Clickstream Pattern Analysis and Prediction using Machine Learning [GHC ‘19]

Ananya Sen
6 min readJul 17, 2020

--

This paper was presented at the Grace Hopper Conference 2019, in the poster format. It was originally submitted by Neha Kumari and me Ananya Sen, as Software Engineers at Intuit. GHC is extremely competitive, with an acceptance rate of only 15% for GHC 19, from submissions across the world. Grateful to have been a part of that!

ABSTRACT
Clickstream analysis is key to finding user behavioral patterns like user drop-off and anomalies. Predicting drop-off can improve the customer conversion and retention. We’ll cover the process and algorithms for clickstream data analysis, clustering, anomaly detection and machine learning. We’ll also showcase the process and algorithms we used for drop-off prediction to achieve a high accuracy of 93.36%.

TARGET AUDIENCE
Areas: Clickstream, Data Science, Machine Learning, Feature Engineering

Technical level: Beginner to intermediate experience in full-stack engineering, data engineering or data science.

INTRODUCTION

Today’s fiercely competitive market depends heavily on user generated data. Consider the use case of the Intuit apps QuickBooks Self-Employed (QBSE) or Mint, where the user connects their banks so that they can run supply chain, payroll, etc., or get recommendations to reduce their expenses.

One of the biggest pains we see at Intuit in our clickstream analytics, is customer churn and drop-off, while connecting their bank in the product. Clickstream gives us a rich dataset to analyze and model, to understand user behavior and predict user drop-off. This prediction, available over a simple REST API, can facilitate several user experience enhancements in real- time.

USE CASE FOR CLICKSTREAM

Bank Connection UI

This is the part of the QBSE and Mint app where the user searches and connects their banks to the product. The types of clickstream data collected in this flow are browset_type, bank_selection, search_event, user_data_consent_agreed, recaptcha_success, oauth_launch, bank_connected, etc.

MACHINE LEARNING PROCESS

The basic steps followed for data analysis and machine learning are as follows:

  1. Data ingestion, data cleaning
  2. Data exploration, like cluster analysis, etc.
  3. Feature engineering
  4. Train/test data split
  5. Training the Machine Learning model
  6. Prediction on test data

For our specific use case, the high-level process entailed analyzing the user behavior patterns from batch data, and then predicting it for new users at runtime. The output of this algorithm can be used by the product to change the user experience in real-time, if the user is showing indications of drop-off with a high probability.

Machine learning process

In the below sub-sections we will go through the details for each step.
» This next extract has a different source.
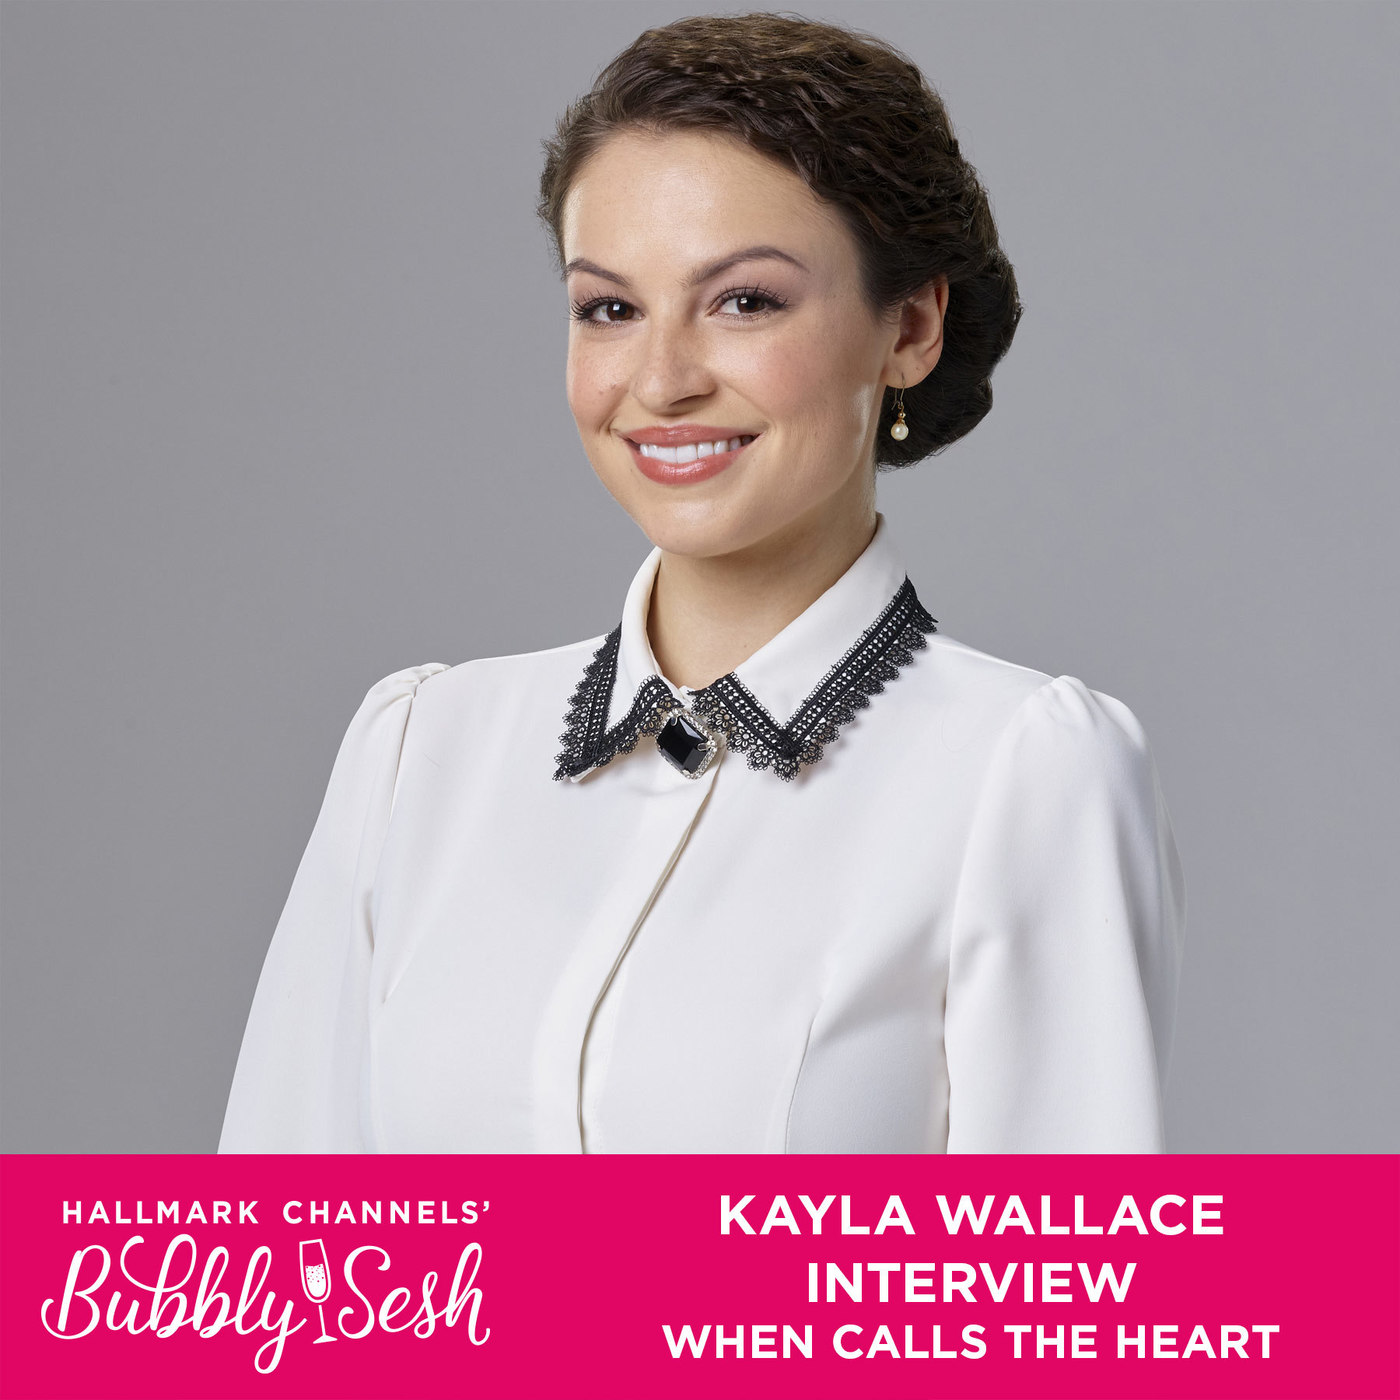 Kayla Wallace Interview, When Calls the Heart

DATA INGESTION ARCHITECTURE

High-level Data Ingestion Architecture

As in the above architecture, the UI uses different libraries for web and mobile to send the clickstream data over a REST API to the data lake. Here the data is streamed and batch processed into an Apache Hadoop datastore, through an Apache Hive layer. The data processing includes data cleaning and data mapping. This data is then fed into a Vertica analytics database for reporting and visualizations.

DATA EXPLORATION

We used a sample data size of ~10 million Clickstream events, for 100k unique users. There are different types of analysis that can be performed on the sample data, like Cluster Analysis, User Segmentation, etc.
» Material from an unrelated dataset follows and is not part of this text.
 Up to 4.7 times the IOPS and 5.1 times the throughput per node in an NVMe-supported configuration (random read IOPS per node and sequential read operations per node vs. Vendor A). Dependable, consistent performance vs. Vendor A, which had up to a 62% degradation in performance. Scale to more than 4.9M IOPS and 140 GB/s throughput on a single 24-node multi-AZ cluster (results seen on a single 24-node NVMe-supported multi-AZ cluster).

Here is an example of K-Means Cluster Analysis we used to find the cluster of users who did not finish the flow to make the bank connection. This showed us interesting details like some users take 3 steps to connect whereas some 10.
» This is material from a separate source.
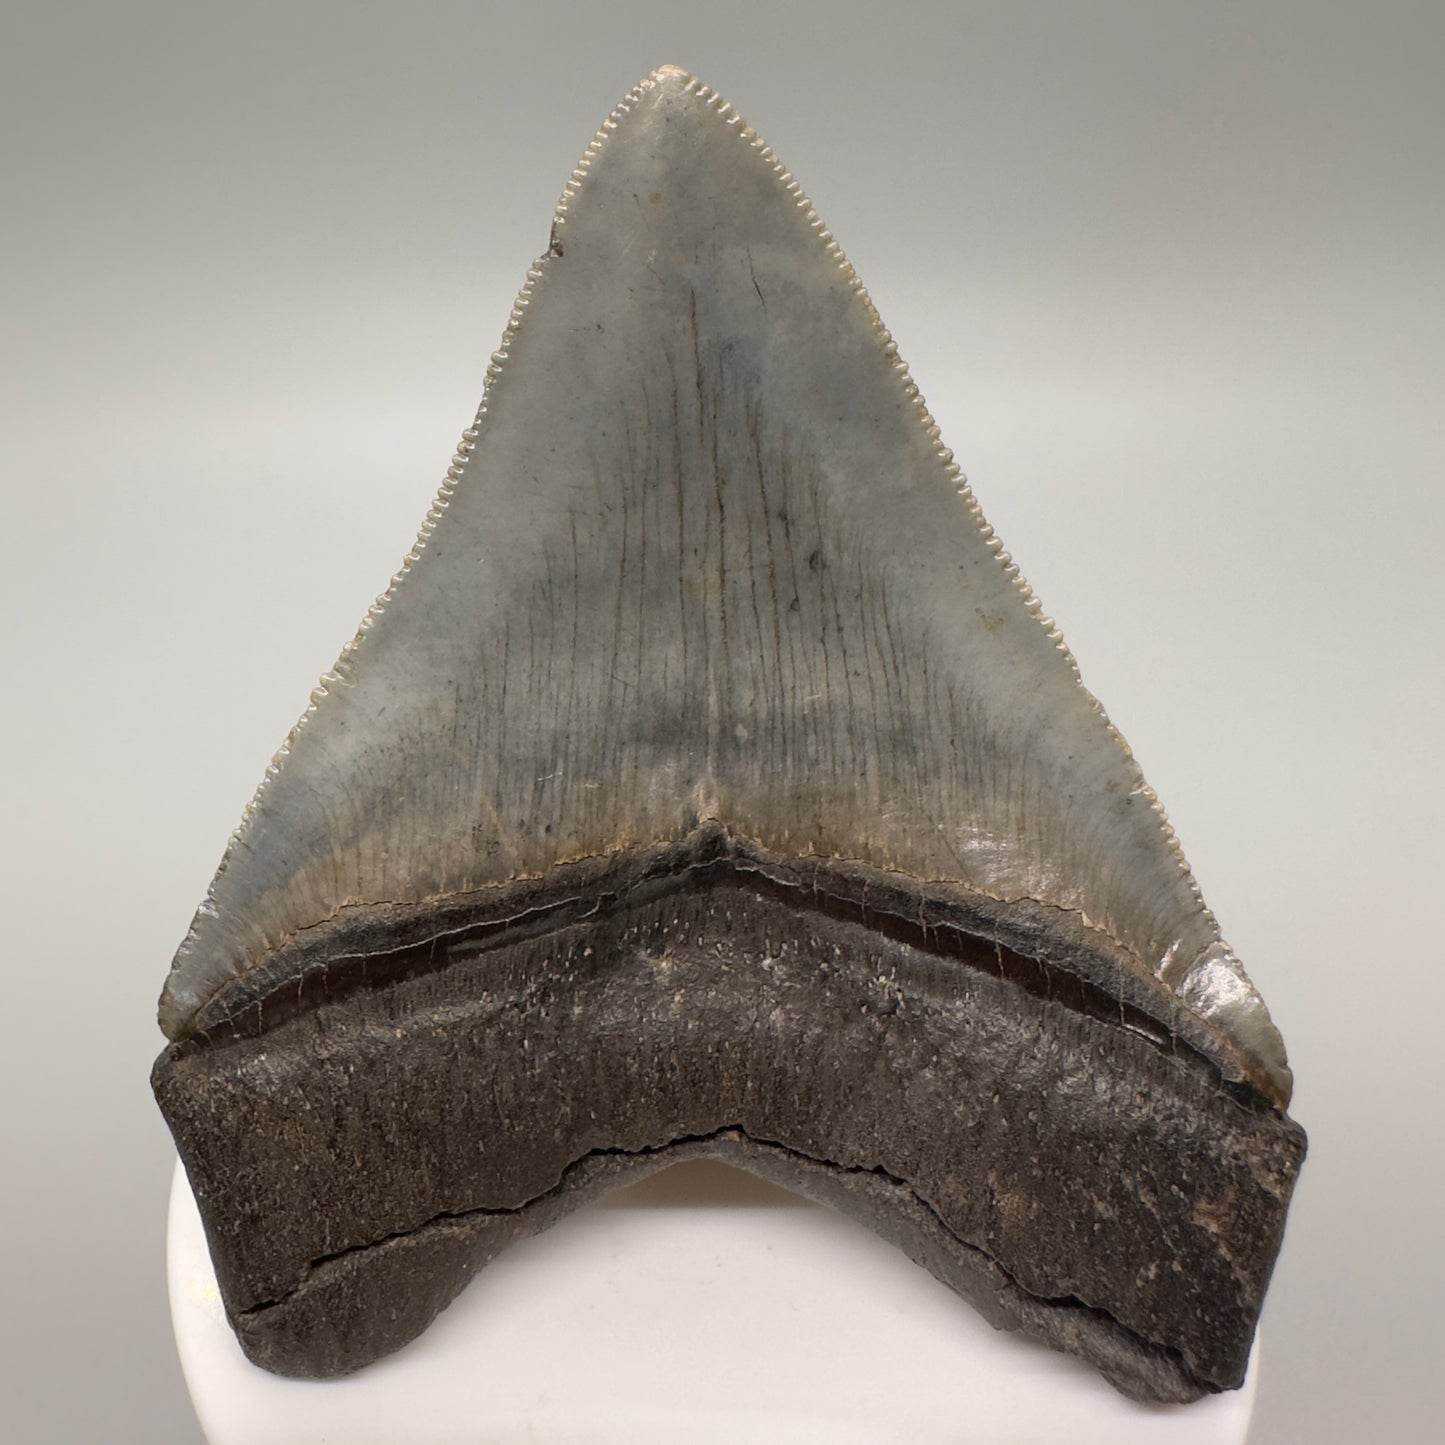 Heart shaped, serrated 3.21" Fossil Megalodon Tooth: Scuba Diving Discovery from Georgia CM4608 - Back

K-Means Cluster showing the group of failed connection

Once a cluster is found for a meaningful use case, one can focus on finding more specific patterns in the user’s behavior.

FEATURE ENGINEERING

The most difficult part of building any machine learning platform is feature engineering, which means finding the most important characteristics of data.

For Clickstream data the 2 types of models used are:

Click sequence model: If a flow consists of multiple screens, then this is the number of times a user is on a particular page in the flow. With this, a user traversal vector can be created to visualize the user’s navigation through the product.

Time-based model: The amount of time spent on each screen can tell us a great story about customer affinity towards a product and their behavioral pattern.

Features that are derived from these 2 models are:

  1. no_times_page_x
  2. total_time_page _x

where, x = {1, 2, 3, …. N} and

N is the number of screens in the flow.

The Target labels from these 2 models are:

2, 5, 6, ….,0.2, 0.5, 1… 0

5,8, 2, ….,0.1, 0.9, 1… 1

TRAINING/TEST DATA SPLIT

Once we have access to the clean data, it is critical to split the data for training the machine learning model and testing the model to reduce overfitting or under-fitting. We used a sample data size of ~10 million Clickstream events, for 100k unique users. For this methodology, some good splits were: 70% : 30% , 75% : 25% , 80% : 20%

PREDICTIVE ANALYSIS ALGORITHMS

Among many machine learning algorithms, Ensemble Learning methods have a better predictive performance, since the use multiple learning algorithms to find the result. Some of the popular ensemble learning methods are Random Forest and Support Vector Machine. These are binary classifiers used to find the probability of a decision in the given training data.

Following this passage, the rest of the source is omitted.